Phylogenies of accessions in the cucumber, melon, squash, and watermelon cores have been inferred using the LD-pruned SNPs at four-fold degenerate sites. The phylogenies of cucumber and melon core accessions are largely consistent with their geographic origins and the phylogeny of watermelon accessions is consistent with their species classifications, while no clear separations were observed for squash accessions related to their geographic origins or improvement status.
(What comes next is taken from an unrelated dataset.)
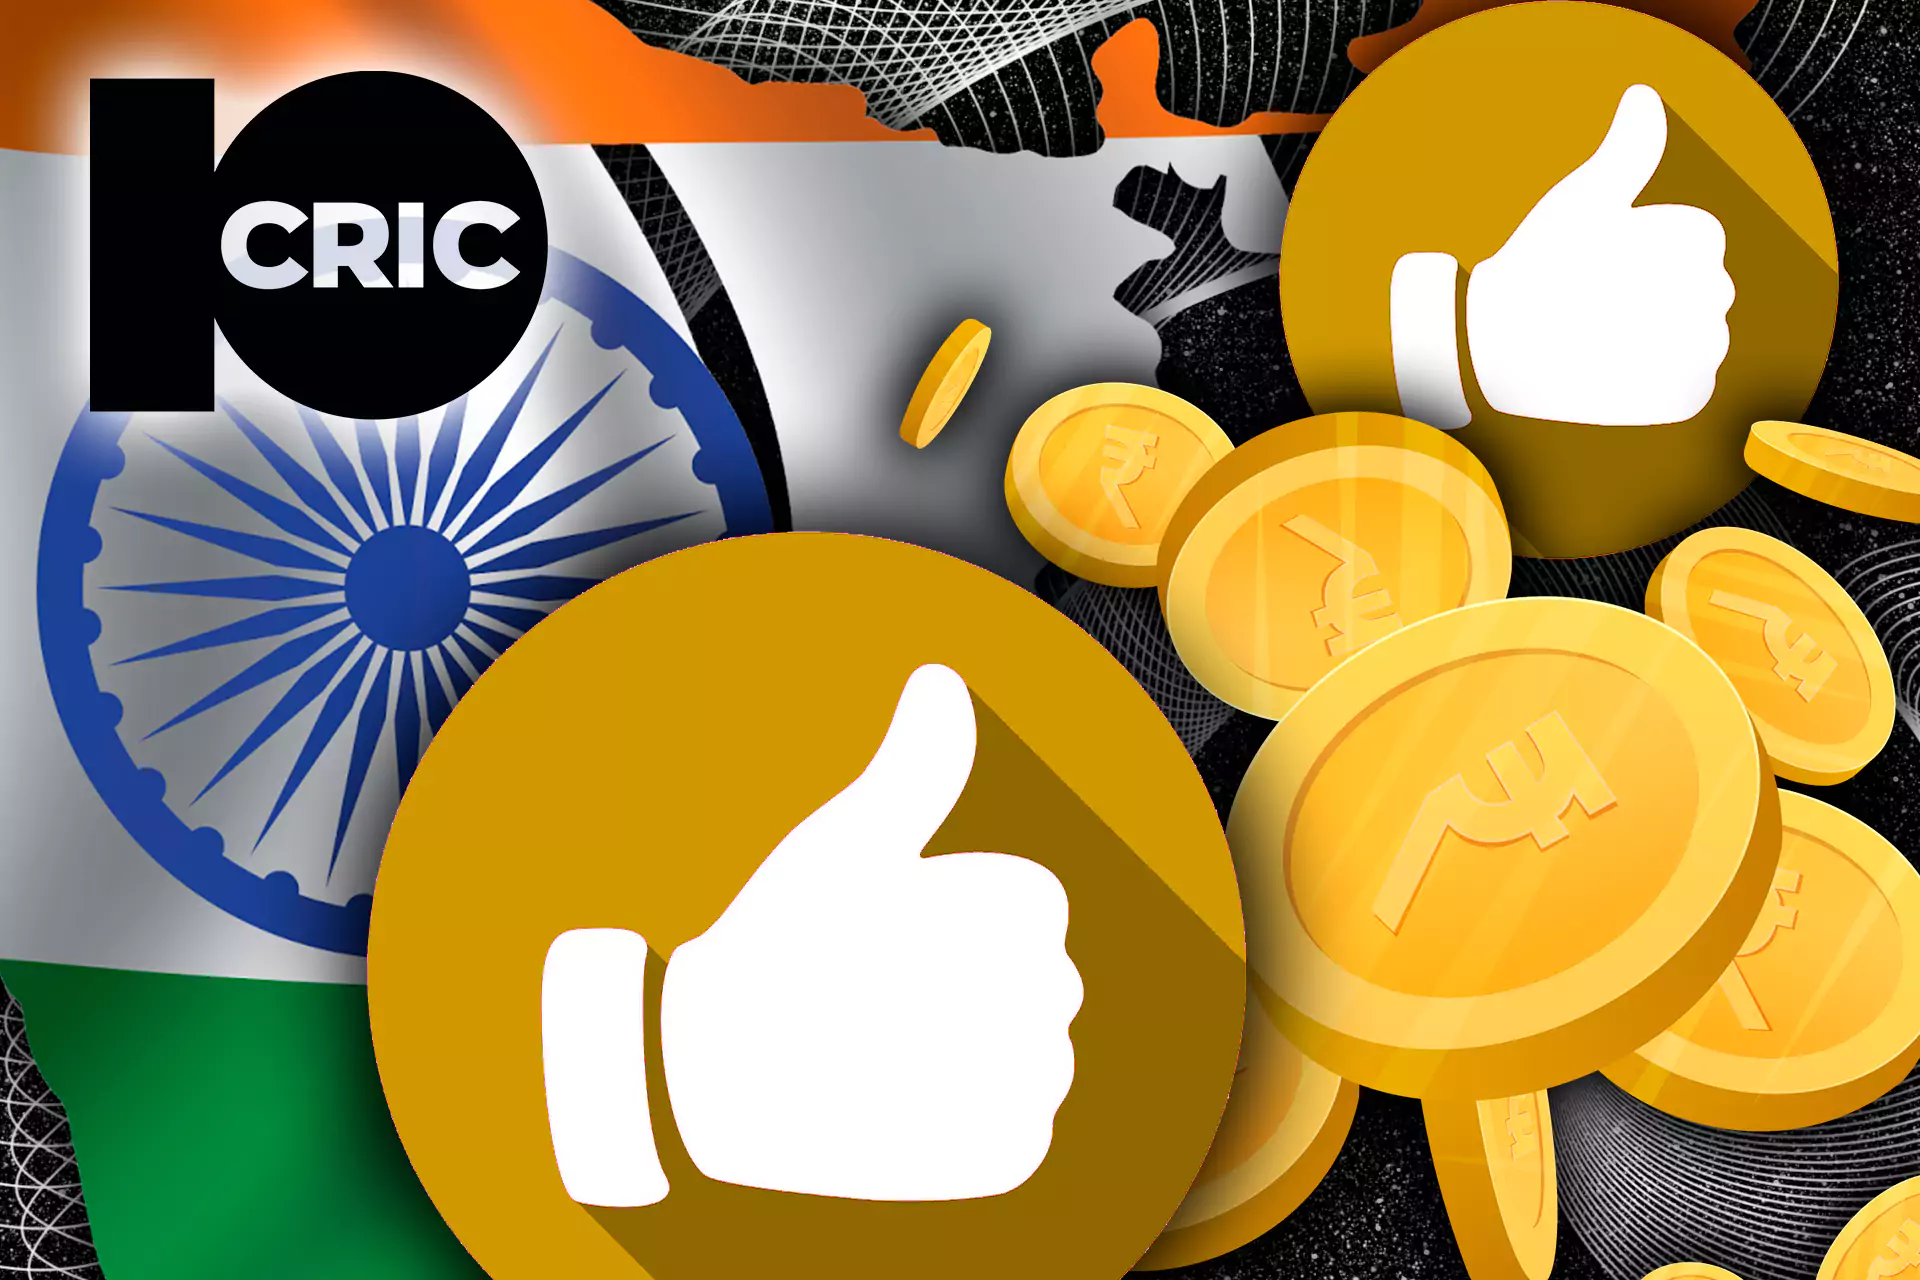 The 10Cric Casino site focuses on players from India.
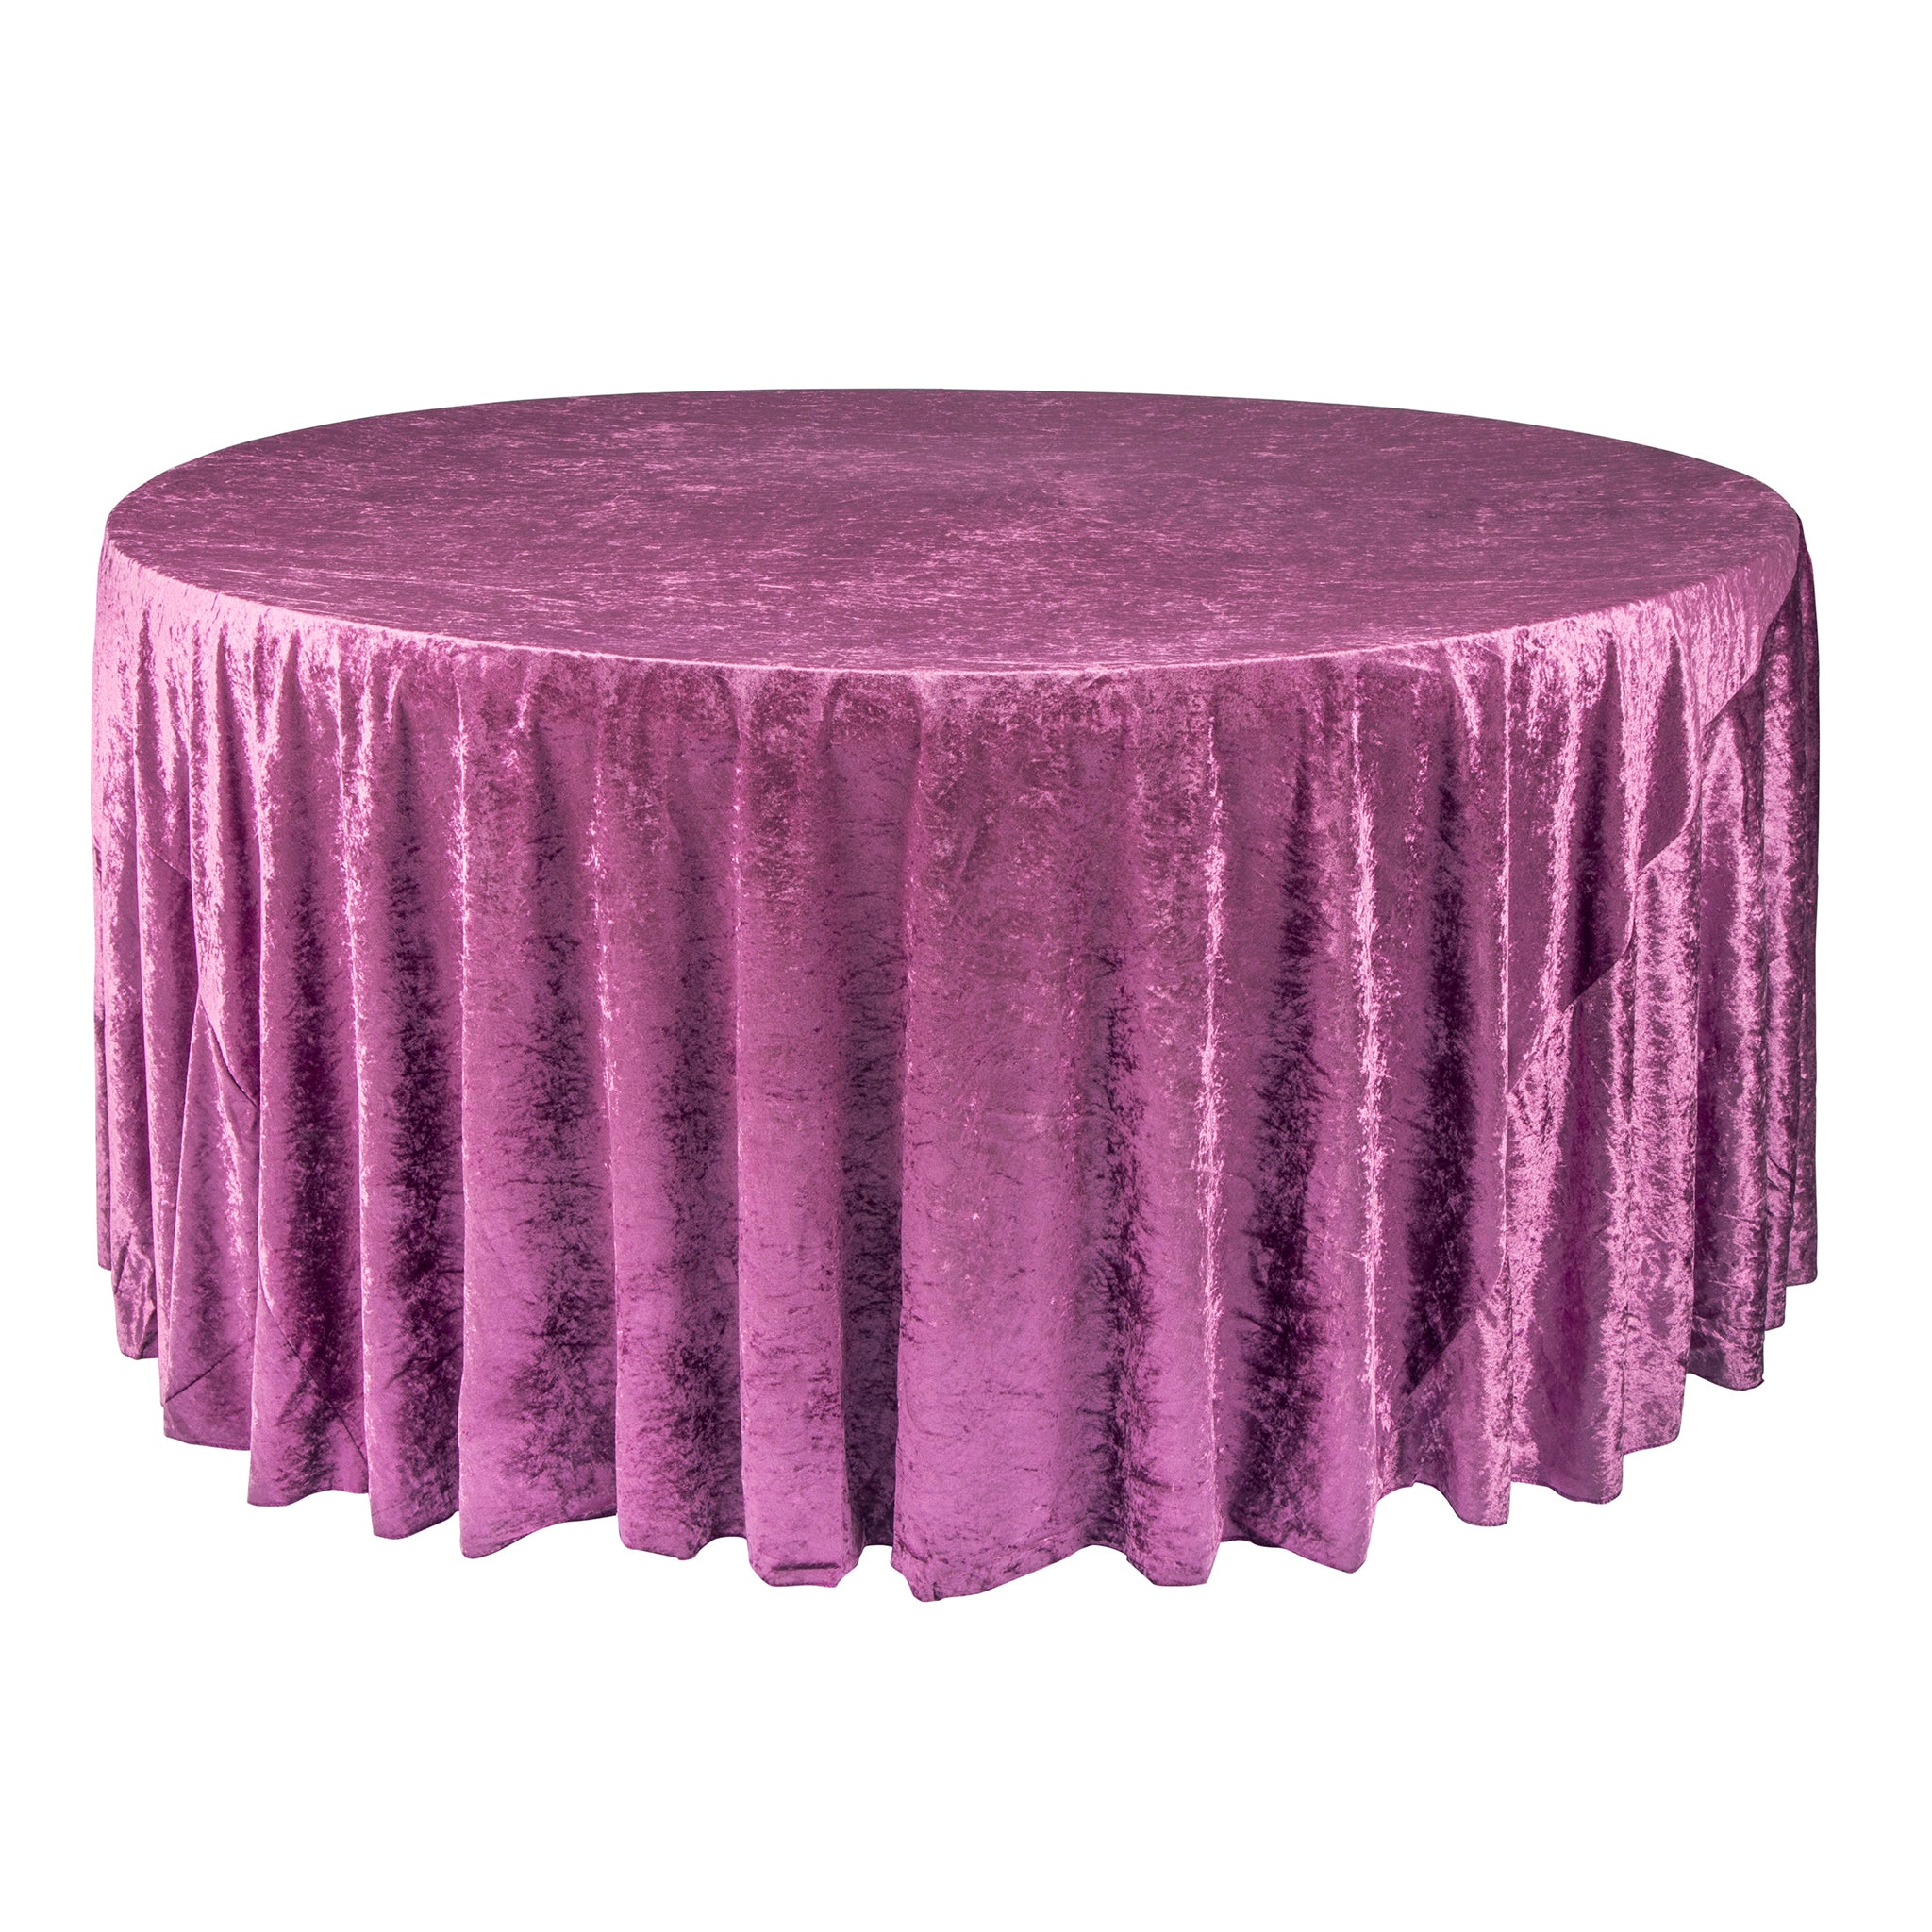 Velvet 132 Round Tablecloth - Coral

Phenotype-genotype association analysis has been performed for the cucumber core. The cucumber core accessions were grown in the field at the Michigan State University Horticulture Teaching and Research Center in 2019-2022. Young and mature fruits were harvested at ~5-7 and 30-40 days post pollination, respectively. The following traits were measured for mature fruit: fruit length, diameter, fruit shape index, carpel number, seed cavity, flesh thickness, hollowness, curvature, tapering, skin color, flesh color and netting; and the following for young fruit: fruit shape index, curvature, tapering, skin color, and spine density. Genome-wide association studies
(GWAS) were performed on these fruit traits using different models including FarmCPU, BLINK, MLMM, and MLM (Fig. 1). Chromosomal locations of the detected significantly associated SNPs are illustrated in Fig. 2. QTLs for some of the traits were closely clustered. For example, SNPs for several highly correlated fruit size and shape traits, including mature fruit length, young fruit shape index, carpel number, and seed cavity size, were closely located on chromosome 1 at ~10 Mb. Multiple external fruit traits were also mapped to the same region on chromosome 1, such as netting, spine density, young fruit color R/G values. Several significant SNPs identified by GWAS were also in close vicinity (within 1Mb) to prior identified fruit trait QTL and candidate genes.